Flying Officer Wacław Butkiewicz
Wacław Butkiewicz werd geboren op 15 september 1909 in Wilno, Polen.
Toen Wacław zich bij de Royal Air Force voegde, kreeg hij identificatienummer 'P76646'.
Bij de RAF werd Wacław ingedeeld bij RAF 301 Squadron, welke bestond uit Poolse vliegers. Hier vloog hij als piloot van een Vickers Wellington de volgende missies:
-
2 op 3 maart 1941; Brest, in Wellington R1026
-
13 op 14 maart 1941; Rotterdam, in Wellington R1227
-
7 op 8 april 1941; Kiel, in Wellington R1227
-
25 op 26 april 1941; Kiel, in Wellington R1227
-
16 op 17 mei 1941; Keulen, in Wellington W5613
Op 18 mei 1941 werd Wacław naar RAF Mildenhall gestuurd voor een cursus.
-
12 op 13 juni 1941; Osnabrück, in Wellington R1349
-
16 op 17 juni 1941; Duisburg, in Wellington R1349
-
25 op 26 juni 1941; Bremen, in Wellington X9616
-
3 op 4 juli 1941; Bremen, in Wellington R1492 (van deze missie keerde de bemanning niet terug)

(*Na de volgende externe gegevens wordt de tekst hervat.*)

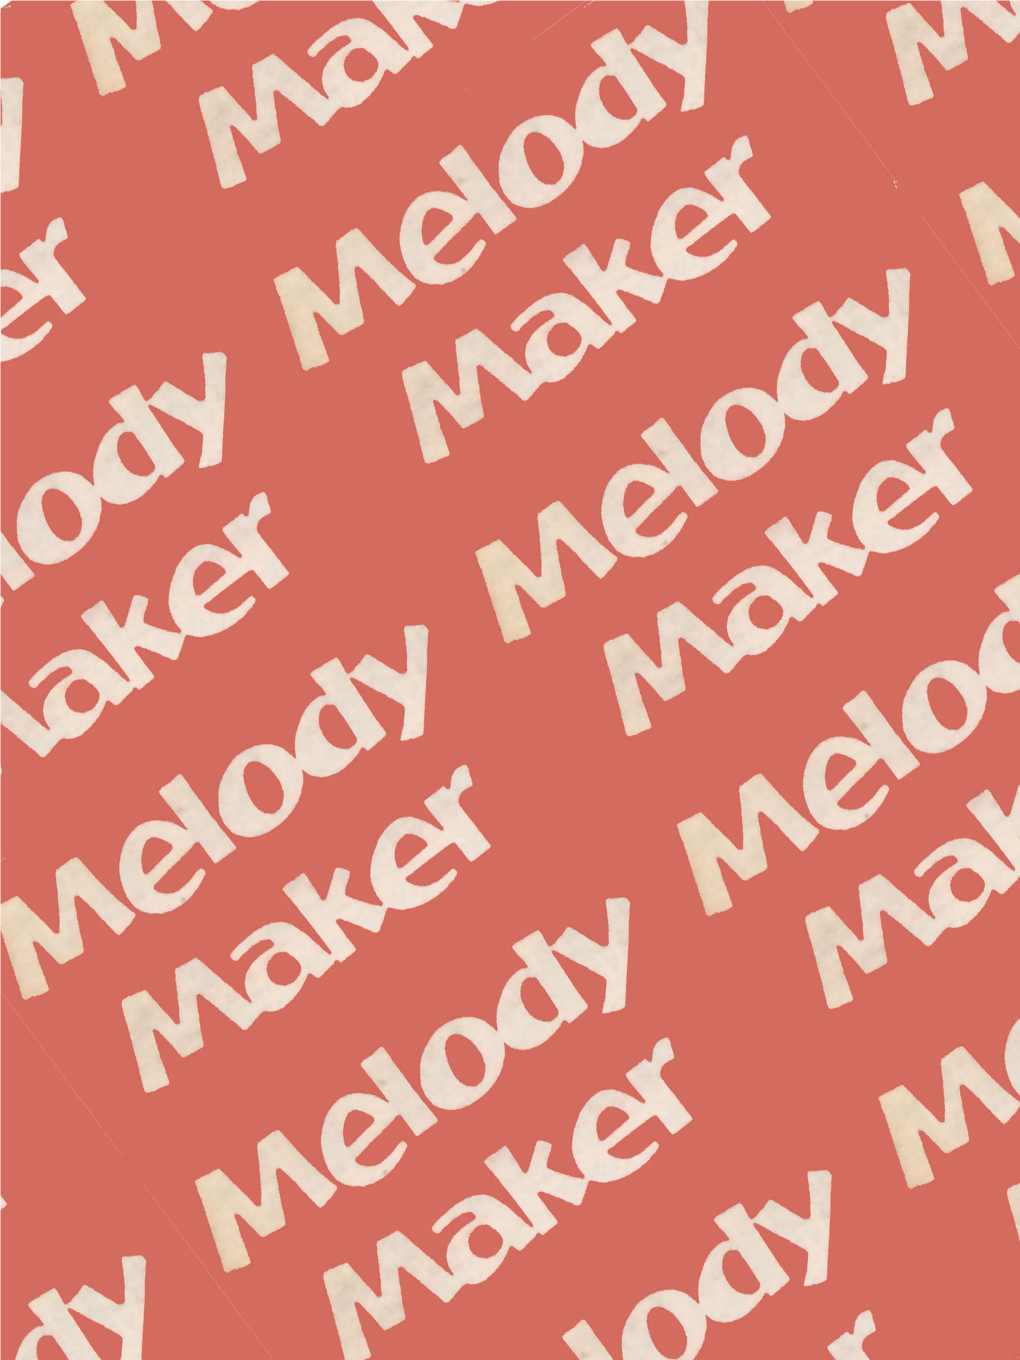 Melody-Maker-1968-09

Tijdens de laatste missie van Wacław wist hij tijdig het toestel te verlaten. Hij werd al snel gevangengenomen en afgevoerd naar een krijgsgevangenenkamp.
Na de bevrijding uit het krijgsgevangenenkamp keerde Wacław terug naar Engeland. Hij nam de Britse nationaliteit aan en woonde in Salford, Lancashire. Hier kwam hij op 15 november 1961 te overlijden. Wacław werd begraven te Manchester.

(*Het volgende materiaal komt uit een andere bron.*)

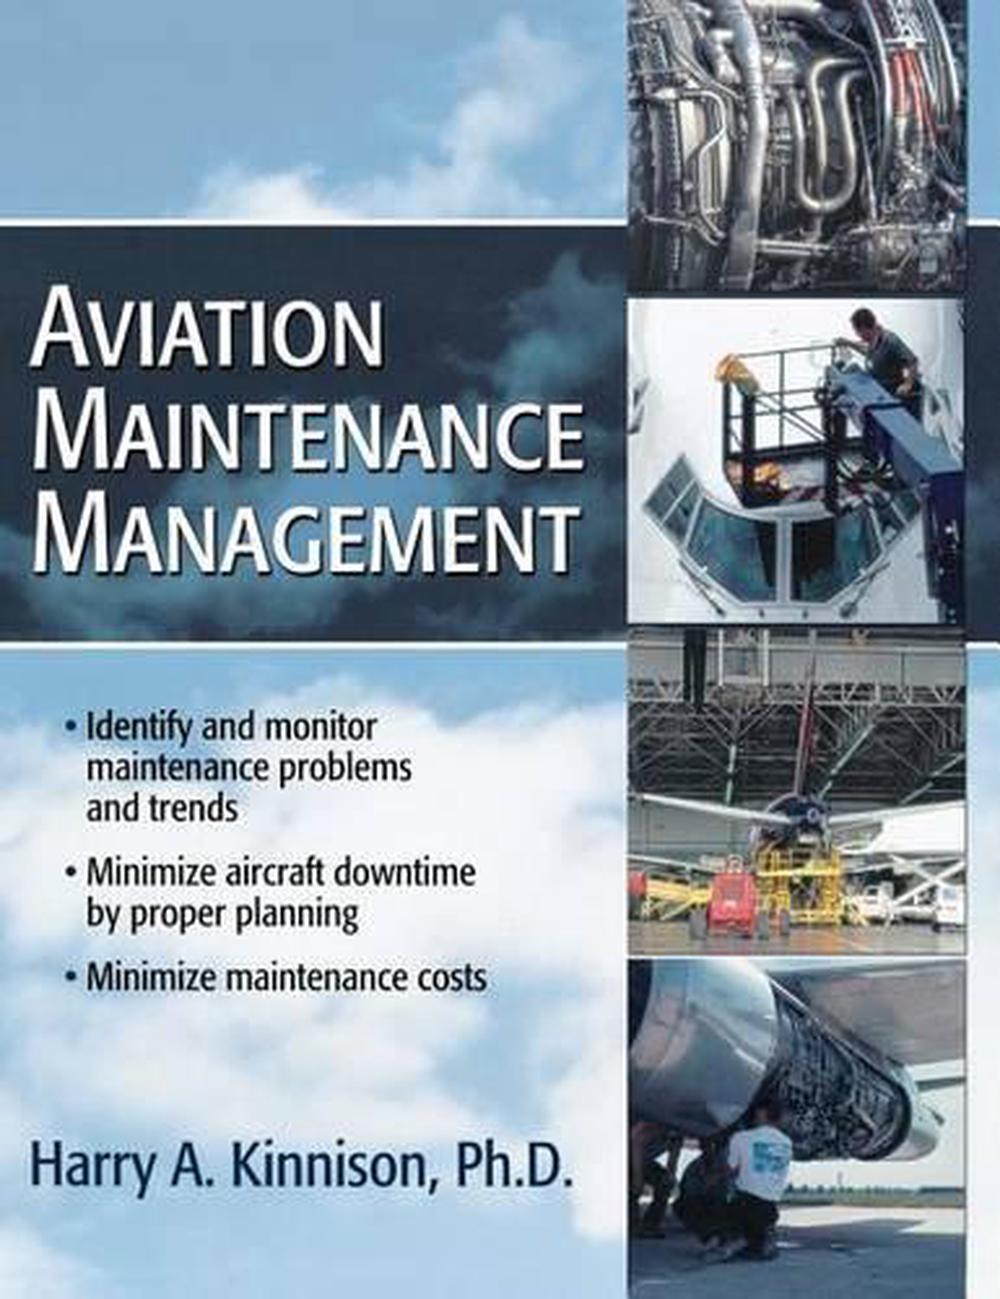 flight school inventory maintenance managment

Wacław werd onderscheiden met Order Wojenny Virtuti Militari (Oorlogsmedaille voor Militaire Deugdzaamheid, de hoogste Poolse onderscheiding), tweemaal de Krzyż Walecznych (Kruis van Heldhaftigheid) en Odznaka Za Rany i Kontuzje (Badge Wonden en Letsels)

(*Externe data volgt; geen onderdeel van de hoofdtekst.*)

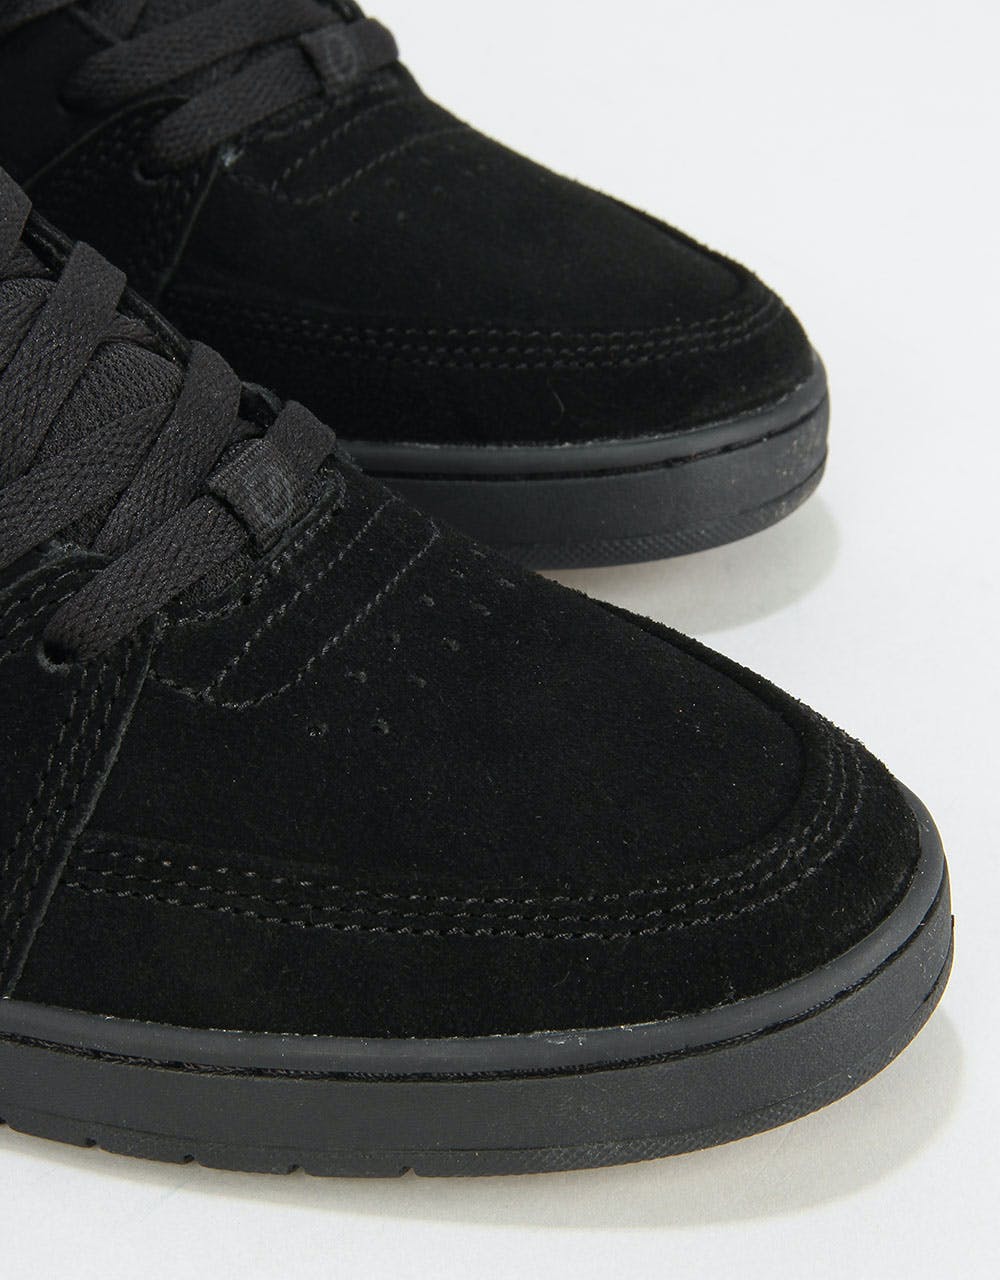 éS Accel Slim Skate Shoes - Black/Black/Black

Group Captain Bolesław Feliks Stachoń
Bolesław Feliks Stachoń werd geboren op 18 mei 1897 als zoon van Wojciech Stachoń en Honorata Dobrowolska. Bolesław was de broer van Stefania (1894), Karolina (1895), Władysław (1902) en Maria (1918). Het gezin woonde in Wola Wadowska, Mielec, Polen.
Hij ging naar de middelbare school in Dębica, waar hij in 1915 slaagde voor zijn eindexamen. Tevens was hij actief in het Dębica Schiet Team. Vervolgens studeerde hij af aan de faculteit Werktuigbouwkunde van de Lviv Technische Universiteit.
Tijdens de Eerste Wereldoorlog werd Bolesław op 15 oktober 1915 ingelijfd bij de Imperial-Royal Home Defense en diende in het 17e Home Defense Infantry Regiment . Nadat hij was afgestudeerd aan de infanterieofficiersschool in Lubaczów (maart 1916), werd hij naar het Italiaanse front gestuurd als onderdeel van het 33ste Home Defense Infantry Regiment, dat het jaar daarop werd omgedoopt tot Rifle Regiment No. 33. Vervolgens keerde Bolesław terug naar Polen en vanaf 8 november 1918 voerde hij het bevel over de mitrailleurcompagnie van het vervangingsbataljon "Ziemia Ropczycka", waarmee hij Przemyśl bereikte.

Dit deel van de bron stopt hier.